Isuf bey Vrioni with its men attacked the rebels in the Mallakastër area. The Ottoman forces were defeated, with Isuf and his brother being captured during the fighting and executed by the rebels. After that, Rrapo Hekali and the Mallakastriot rebels attacked Berat, but having no artillery they could not capture the castle. They continued the siege without attacking the castle. At the same time, the rebels led by Gjoleka and Çelo Picari defeated an Ottoman force coming from Ioannina. The Gjoleka men also attacked Gjirokastër and kept its castle under siege. The Porte was alarmed by the news and a relief force of 3000 men under Shahin bey Kosturi was sent from Thessaly against the rebels in Gjirokastër, but Kosturi and his Ottoman force were also defeated by the forces of Gjoleka. Gjoleka also tried to cooperate with the Greeks, and negotiated with the Greek government of Ioannis Kolettis, but with little success. Contacts with Kolettis seem to have continued, since Gjoleka has received a large scale participation by Christian chieftains, Albanians and Greeks, in his movement. A new Ottoman army of 5000 men was sent from Ioannina against Gjoleka. With a force of 1500 men Gjoleka was able to defeat again the Ottoman army yet again in the Battle of Dholan on 28 August 1847.

At the same time some 15,000 Ottoman forces under the Turkish marshal Mehmet Reshit Pasha were sent from Manastir to relieve the siege of Berat. In Ohrid an Ottoman force of 6,000 men was summoned. The Ottoman forces attacked the forces of Rrapo Hekali based in the city of Berat and at the same time the Turkish garrison in the castle attacked them from behind. Albanian forces left the siege and withdrew in Mallakastër. From Berat, the Ottoman army tried to enter the heart of the rebellion in the Kurvelesh region, from the Kuç pass where Gjoleka forces were concentrated. They once again resisted the Ottoman forces. At the same time other Ottoman forces attacked Kurvelesh from the Mesaplik region and another Ottoman column disembarked in the Himara region, encircling the forces of Gjoleka. Even under these circumstances Gjoleka's men resisted. Seeing the tough resistance, Mehmed Reshid Pasha declared an amnesty and invited all the leaders to meet him in Zhulat village. Some 85 men who believed his words went to the place of meeting (among whom were the local leader Hodo Nivica and some other minor leaders) and were captured. After that the organised resistance was no longer possible and Albanian forces were divided in small ceta.
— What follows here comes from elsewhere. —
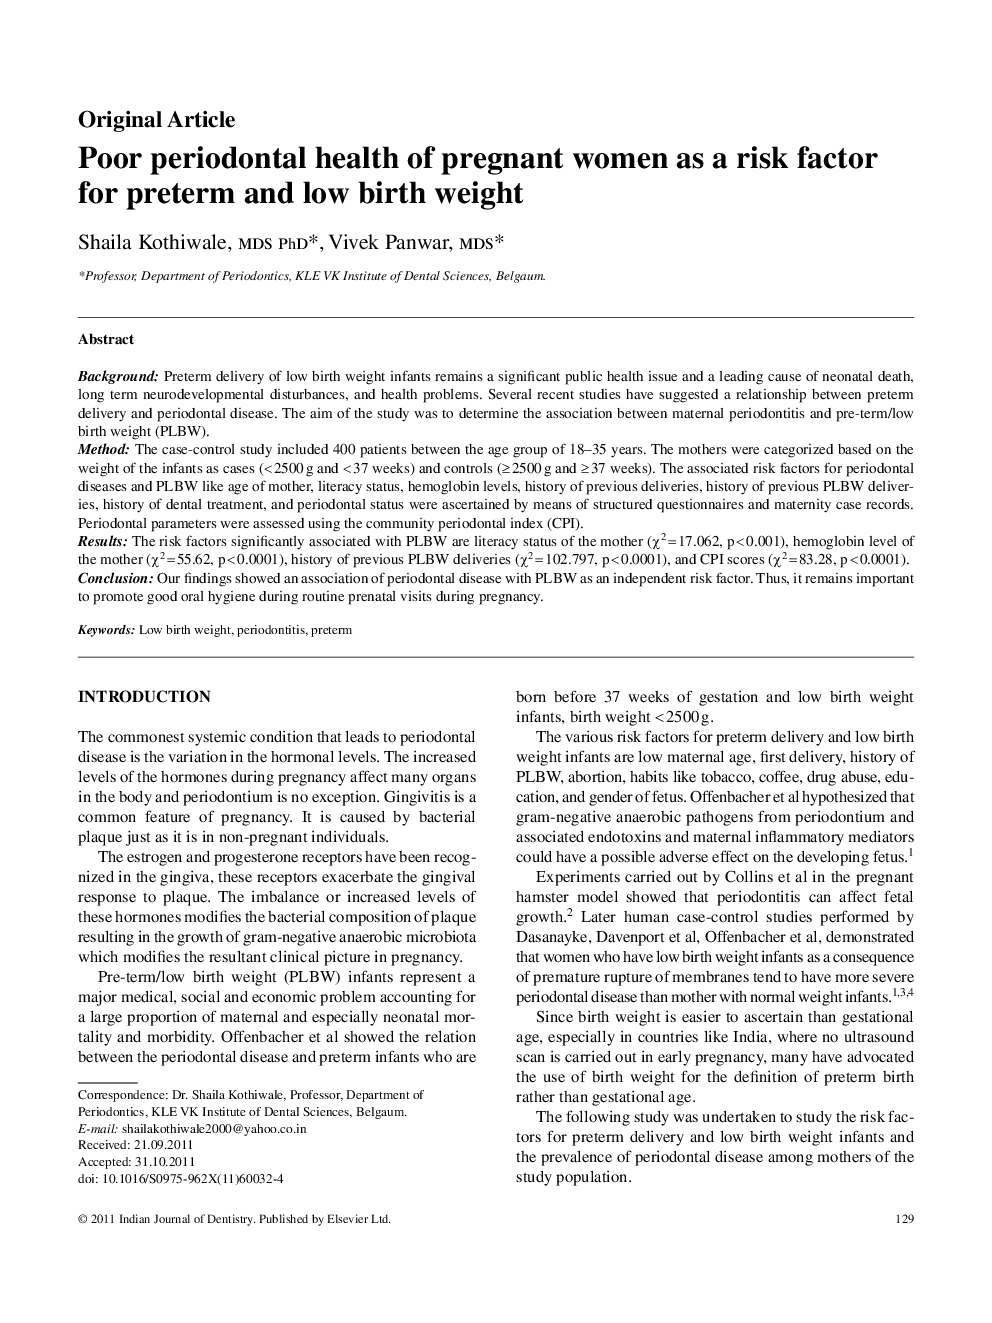 Poor periodontal health of pregnant women as a risk factor for preterm and low birth weight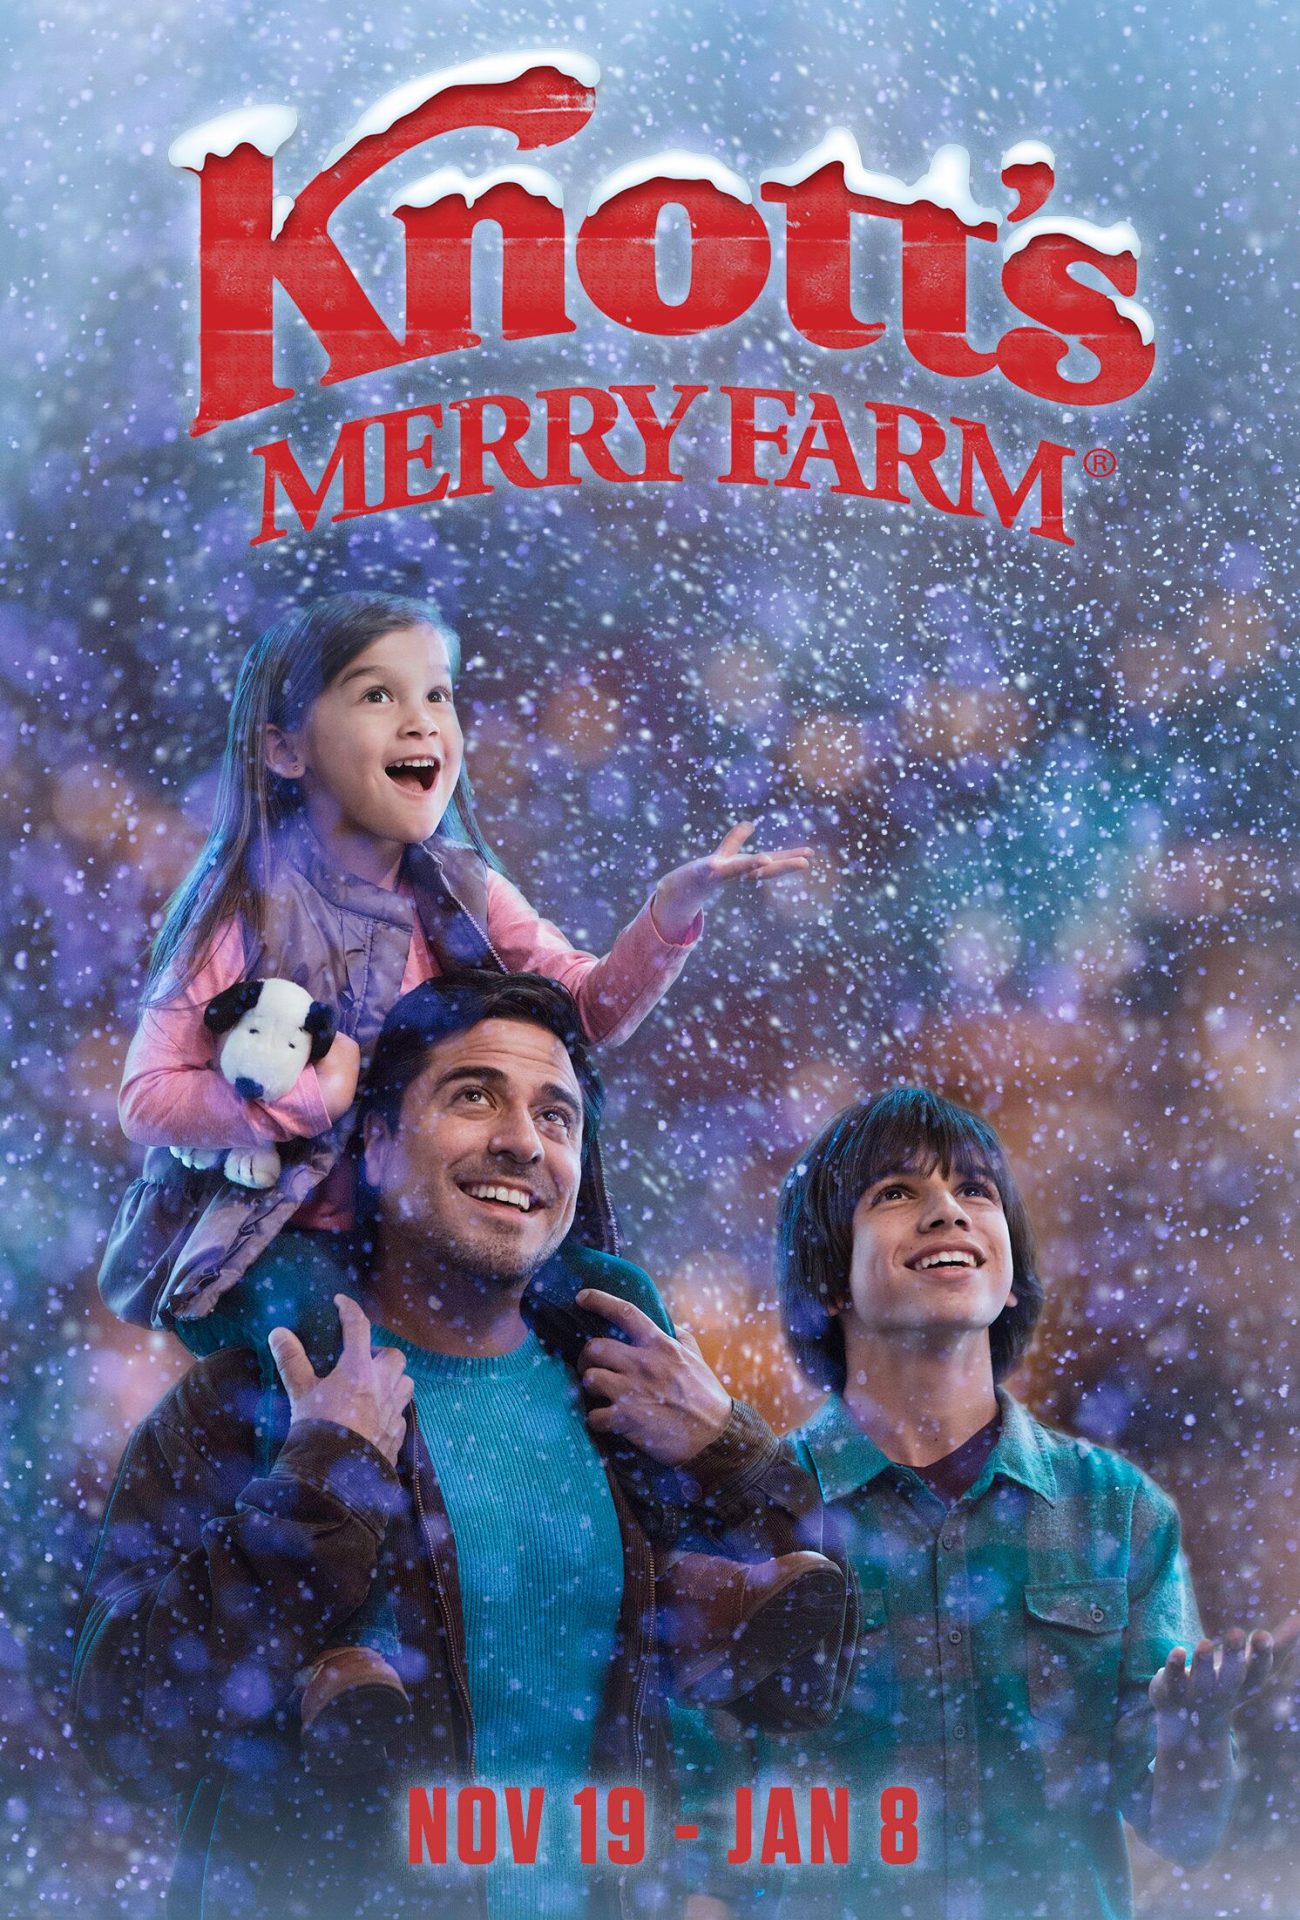 See what is new at Knott's Berry Farm for Merry Farm!

Ottoman forces entered the regions of uprising and thousands of men were arrested and deported, whereas Rrapo Hekali was sent to a prison in Manastir, where he was poisoned on December 30, 1847. Gjoleka with a small group of fighters retreated to Greece, which ended the uprising.

Both Albanian and Greek inhabited villages in the region suffered when the uprising was suppressed the following autumn by the Ottoman forces.